Career as a Political Scientist


Summary

A Political Scientist is someone who studies government, political processes and political issues in a scientific way, often within the context of an academic institution. This field of study encompasses many things besides the formal institutions of government. Formal laws are indeed studied, but so are things like public opinion, parties and economics. Political scientists study and analyse the ways in which governments and political systems are organized, and the relationship between government, society and the economy. They seek to resolve political problems through practical and theoretical means by offering advice to and commentary on the way in which governments operate.

They research elections, laws, political groups, write reports on their findings, contribute to media discussion on politics, liaise with international government organisations, and provide advice to governments, politicians, nongovernment organisations (NGOs), and other groups and individuals with an interest and stake in the political system. The field is diverse and includes many different subfields. Some political scientists specialize in the study of a single country's unique institutions, such as in the study of Indian government.

In an academic setting, the process often starts with curiosity about some observed fact. The political scientist asks intelligent and answerable questions, and then the process of gathering data or doing research begins.

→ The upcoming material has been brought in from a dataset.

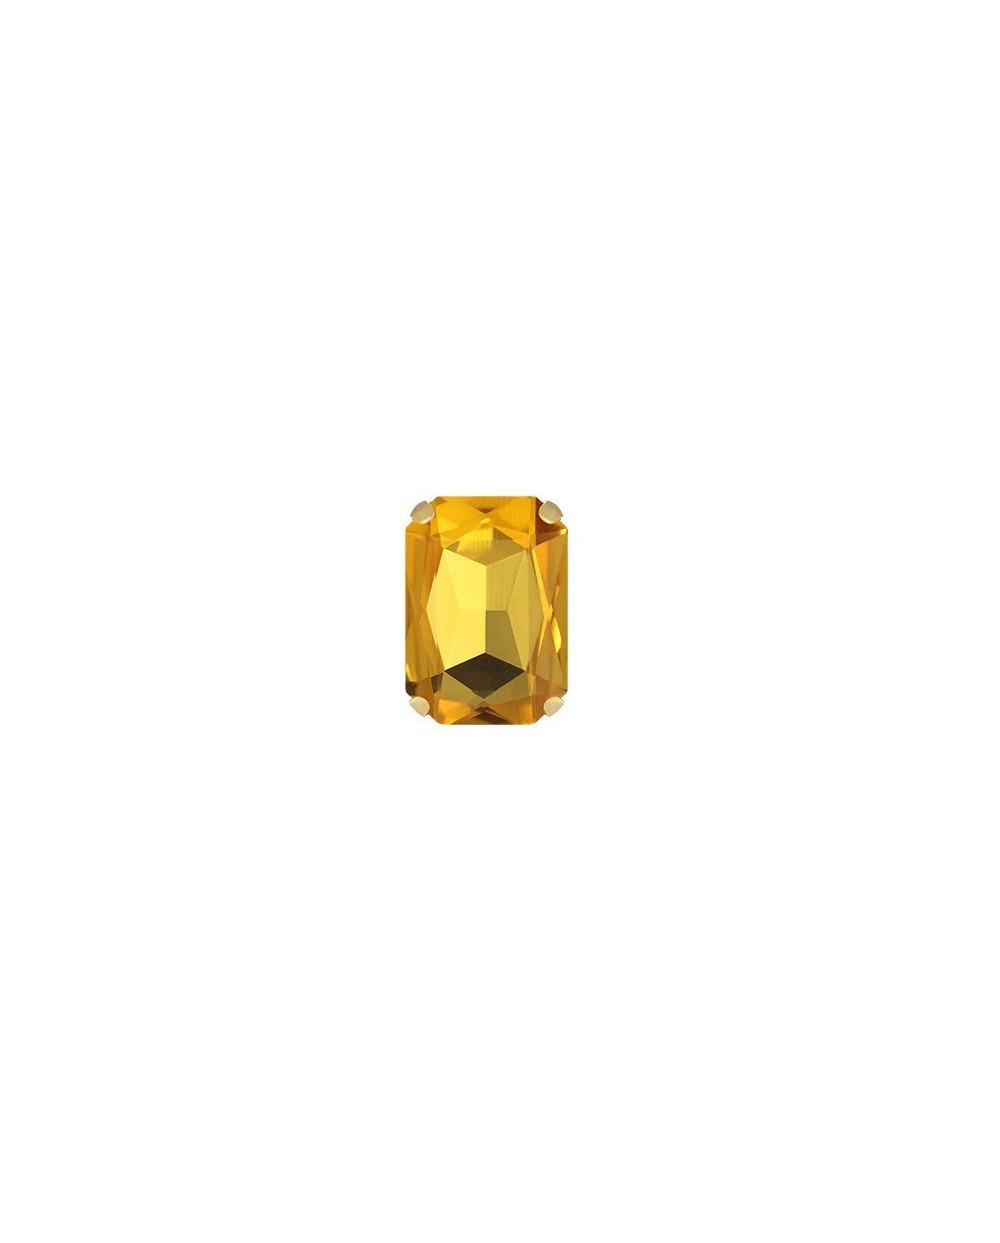 Stačiakampiai prisiuvami kristalai geltonos sp., 10x14mm, 1 vnt.
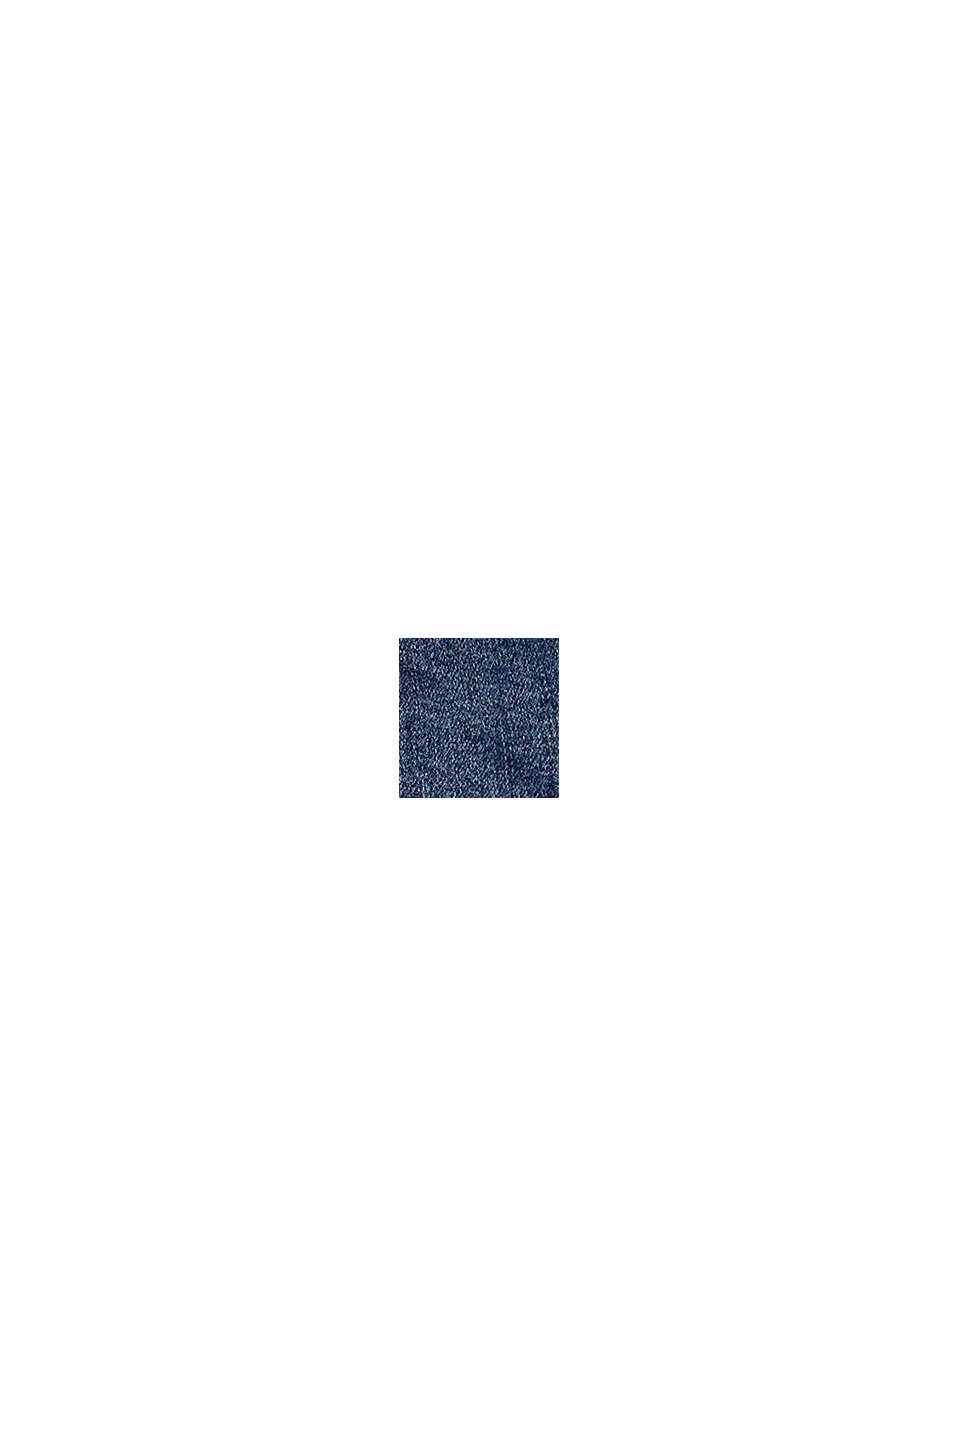 Dżinsowe szorty z bawełny, z regulowanym pasem, BLUE MEDIUM WASHED, swatch

If the questions are more philosophical or historical, research might involve reading texts, either classic works by thinkers like Plato or more contemporary historical works. On the other hand, if the questions concern more practical matters like government economic policy, the researcher might spend time looking at statistics on recent budget deficits or the rate of inflation. The results of research are often published in academic journals or in book form.

Besides pursuing academic knowledge for its own sake, political scientists also engage in four other broad areas of activity: advice, commentary, government employment and direct political action. Political advice involves providing policy analysis and consultation to governments and corporations. Political commentary involves expressing opinions on the important issues of the day through various media, such as newspapers, television, radio, and blogs.

Government employment means working for some public entity or agency, whether at the national, state or local level. Finally, direct action could mean being an actor in the political process itself, either through holding an elected office or engaging in lobbying activity on behalf of a company or a cause.

Work Environment

Political Scientists work mostly in the offices of government departments, private research institutions, universities or non-profit organisations. They usually work regular business hours, but may be expected to work longer hours to ensure deadlines are met. Political scientists may be expected to travel to attend conferences or to research political systems or situations taking place interstate or internationally. Political scientists usually require direct access to those involved in the political system, such as parliamentarians, as well as to the media.

Entry Level Education

  • Bachelor's Degree for some entry-level positions.
  • Master's or Doctoral Degree related to Political Science.